President of Tsinghua University
- In office March 2015 – February 2022
- Preceded by: Chen Jining
- Succeeded by: Wang Xiqin

Personal details
- Born: July 28, 1964 (age 62) Rong County, Sichuan, China
- Party: Chinese Communist Party
- Education: Tsinghua University (BS, DSc)

= Qiu Yong =

Chinese chemist

Qiu Yong (邱勇 (Qiū Yǒng); born 28 July 1964) is a Chinese chemist. He is the current party secretary of Tsinghua University. Qiu is a member of the Chinese Academy of Sciences.

==Early life and education==
Qiu was born and raised in Rong County, Sichuan.
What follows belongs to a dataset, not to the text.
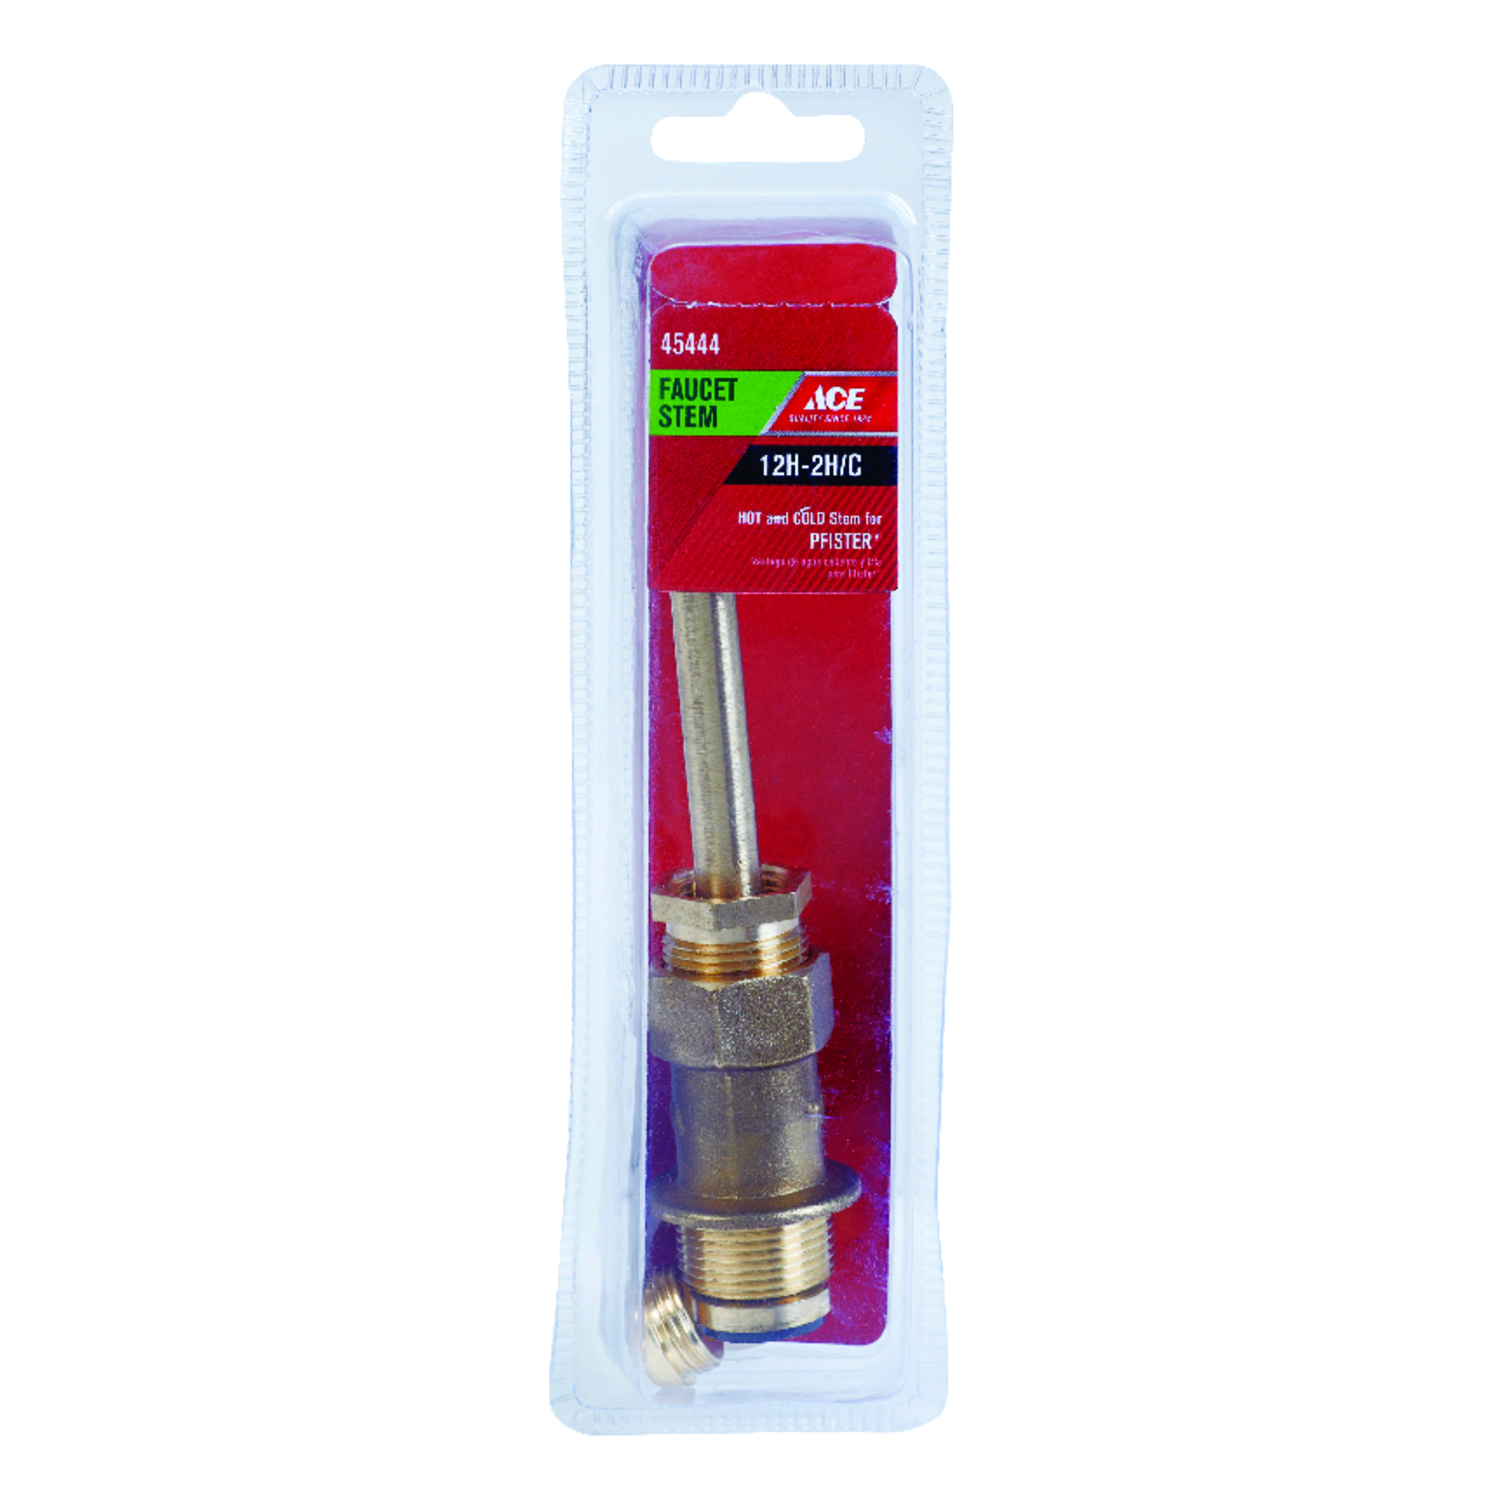 Ace 12H-2H/C Hot and Cold Faucet Stem For Pfister - Ace Hardware

Qiu received a Bachelor of Science and a Doctor of Science in chemistry from Tsinghua University in 1988 and 1994, respectively.

== Career ==
After the completion of his doctorate, Qiu joined Tsinghua University as a faculty member.
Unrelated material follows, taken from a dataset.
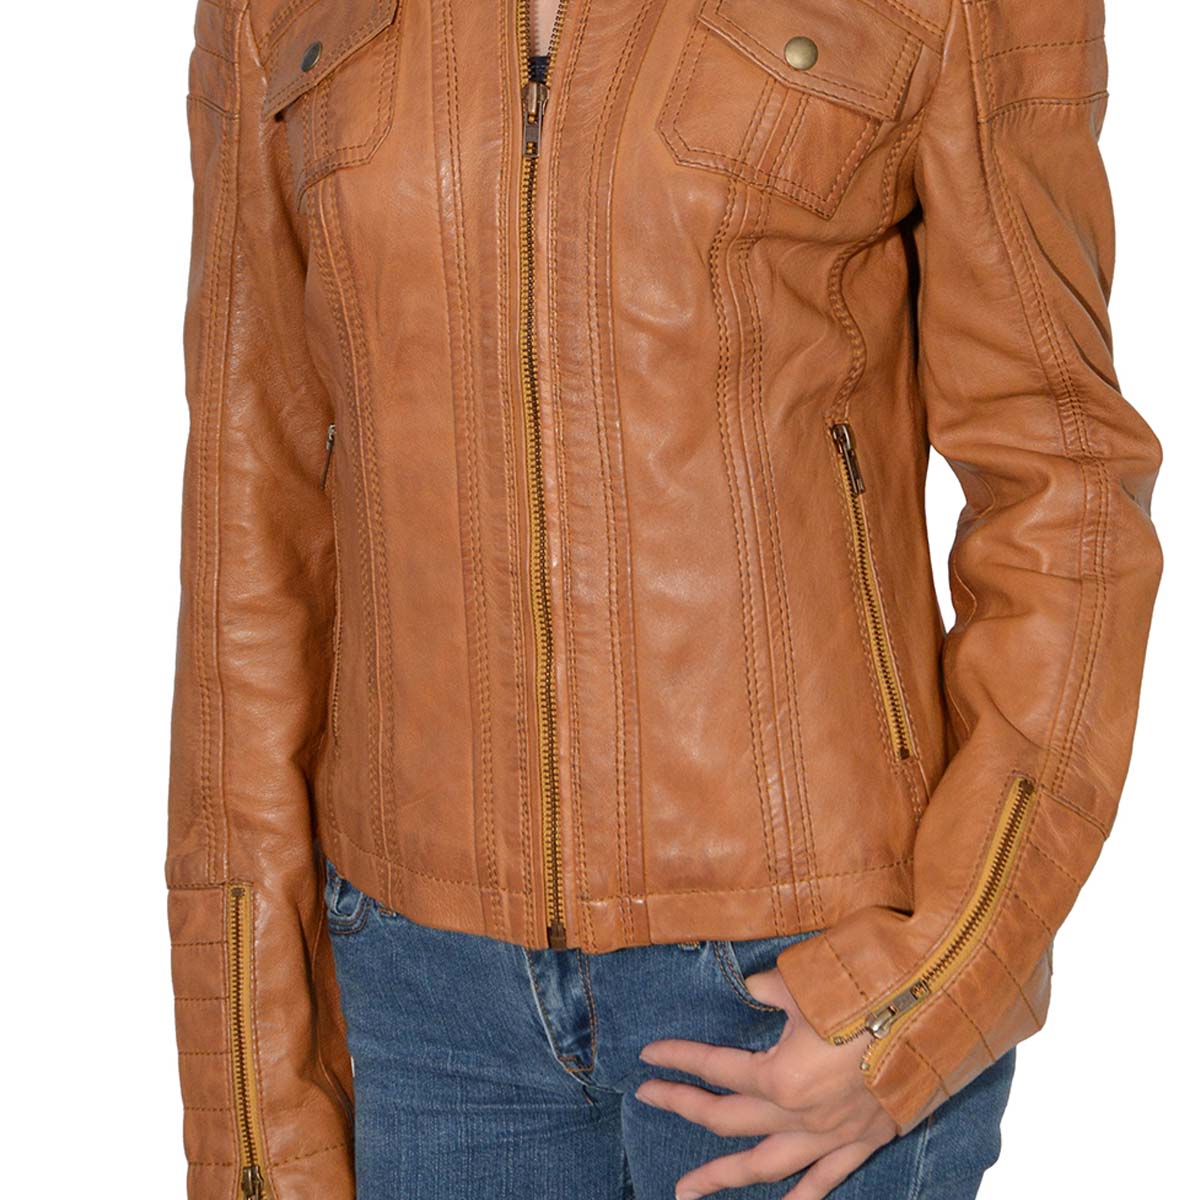 Milwaukee Leather SFL2805 Women's Cognac 'Quilted' Mandarin Collar Fashion Casual Leather Jacket 4X-Large - image 2 of 2

Qiu served as director of the Department of Chemistry and deputy dean of the School of Sciences, Tsinghua University. He served as vice president in December 2009, and in March 2015 he became president of Tsinghua University.

He was honored as a Distinguished Young Scholar by the National Science Fund for Distinguished Young Scholars (国家杰出青年科学基金) in 2003.

He was awarded as a Chang Jiang Scholar by the Chinese Ministry of Education in 2006.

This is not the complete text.